* Action item
From the first line to the last, please reproduce the material exactly, skipping the pictures.

* Provided data

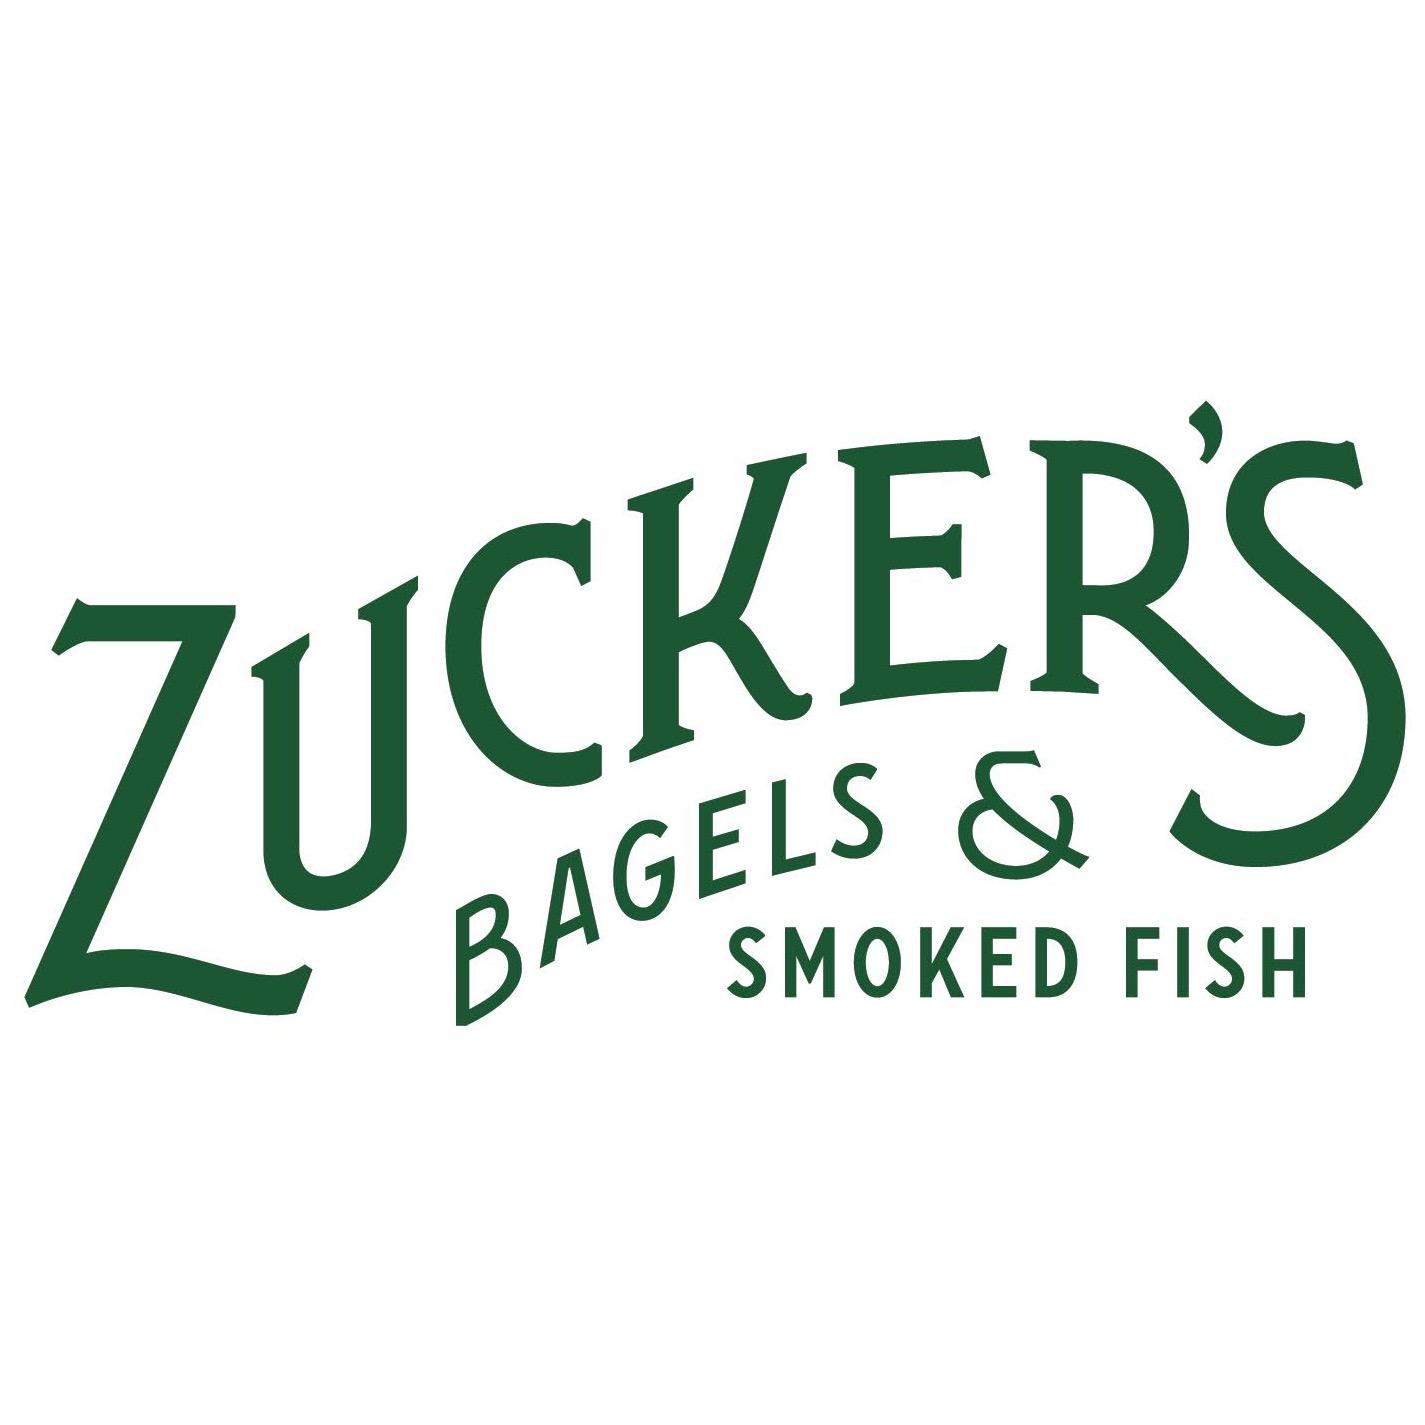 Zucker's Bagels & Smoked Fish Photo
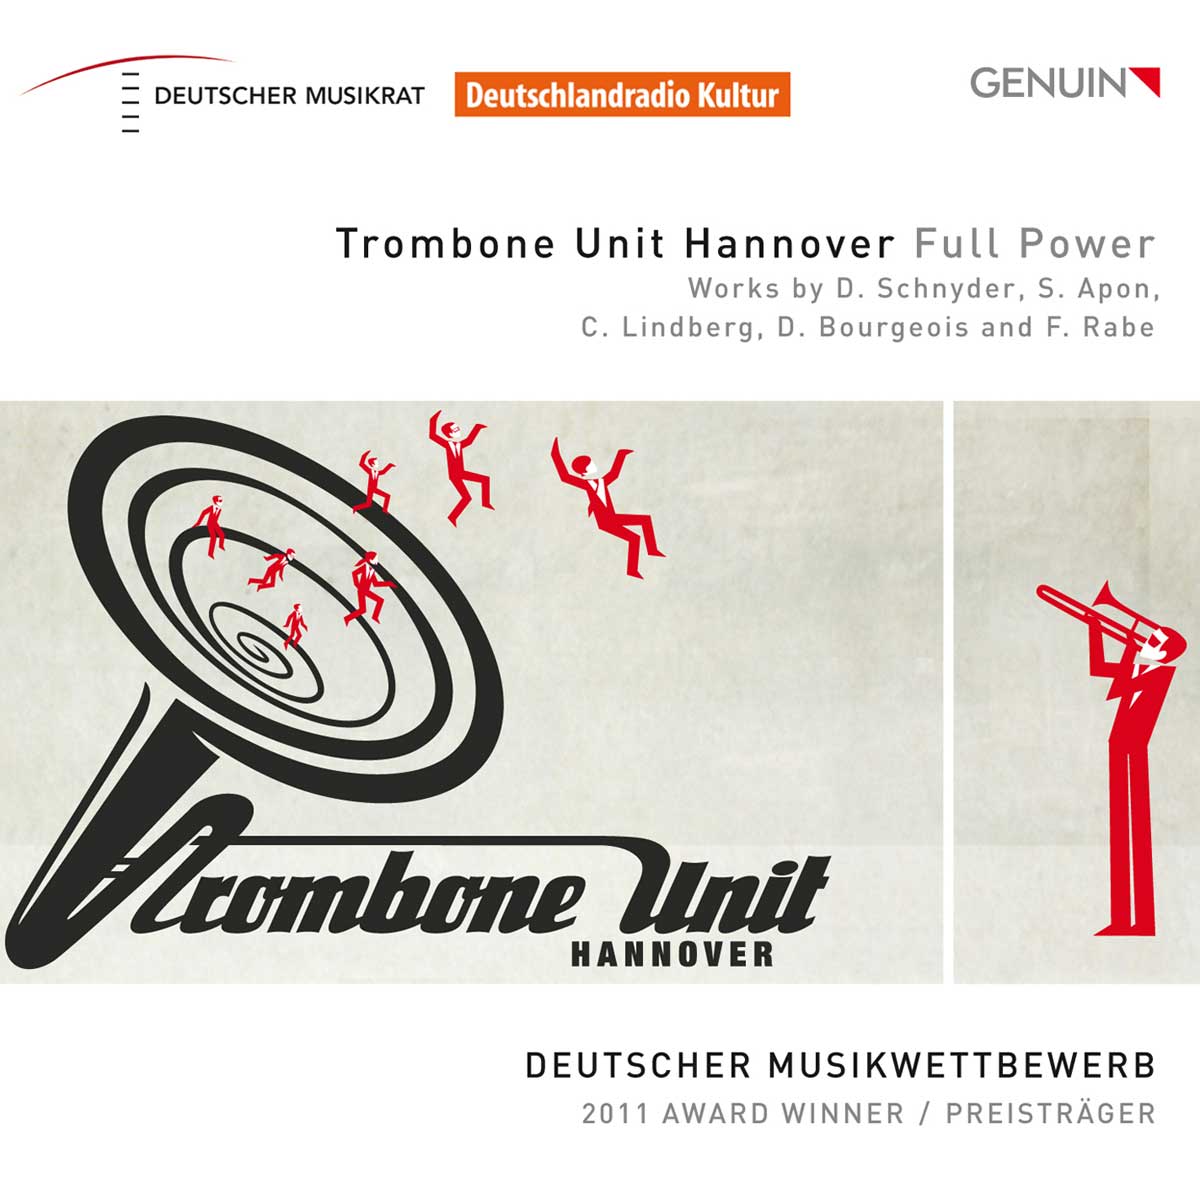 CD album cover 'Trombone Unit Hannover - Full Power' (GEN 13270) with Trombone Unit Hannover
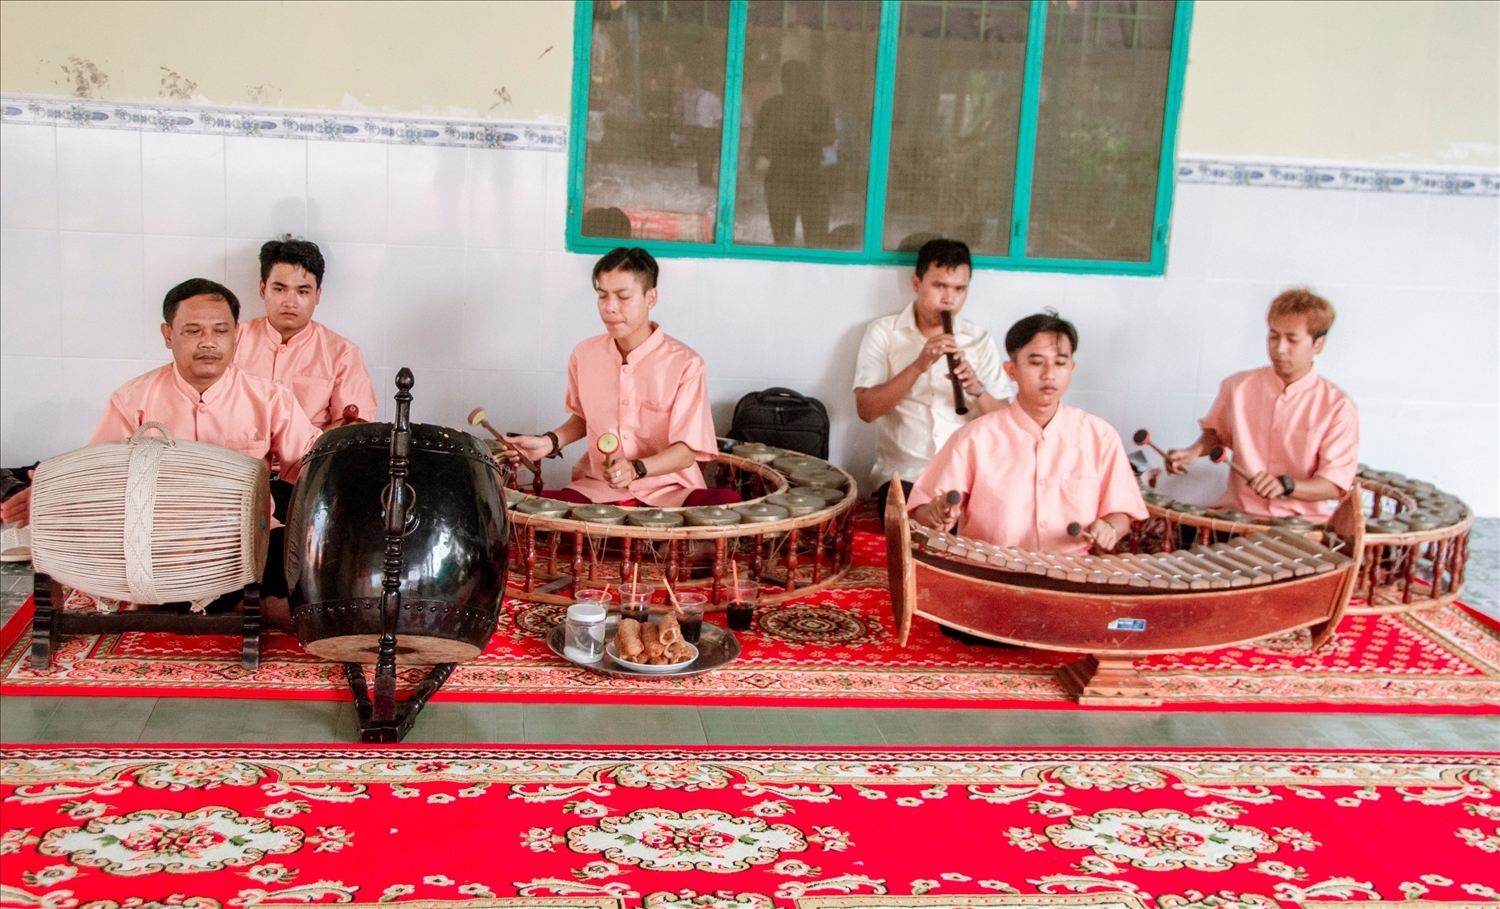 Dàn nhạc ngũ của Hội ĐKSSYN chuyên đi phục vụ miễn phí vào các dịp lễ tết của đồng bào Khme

* Response for this exercise
 Zucker's Bagels & Smoked Fish Photo
 CD album cover 'Trombone Unit Hannover - Full Power' (GEN 13270) with Trombone Unit Hannover
 Dàn nhạc ngũ của Hội ĐKSSYN chuyên đi phục vụ miễn phí vào các dịp lễ tết của đồng bào Khme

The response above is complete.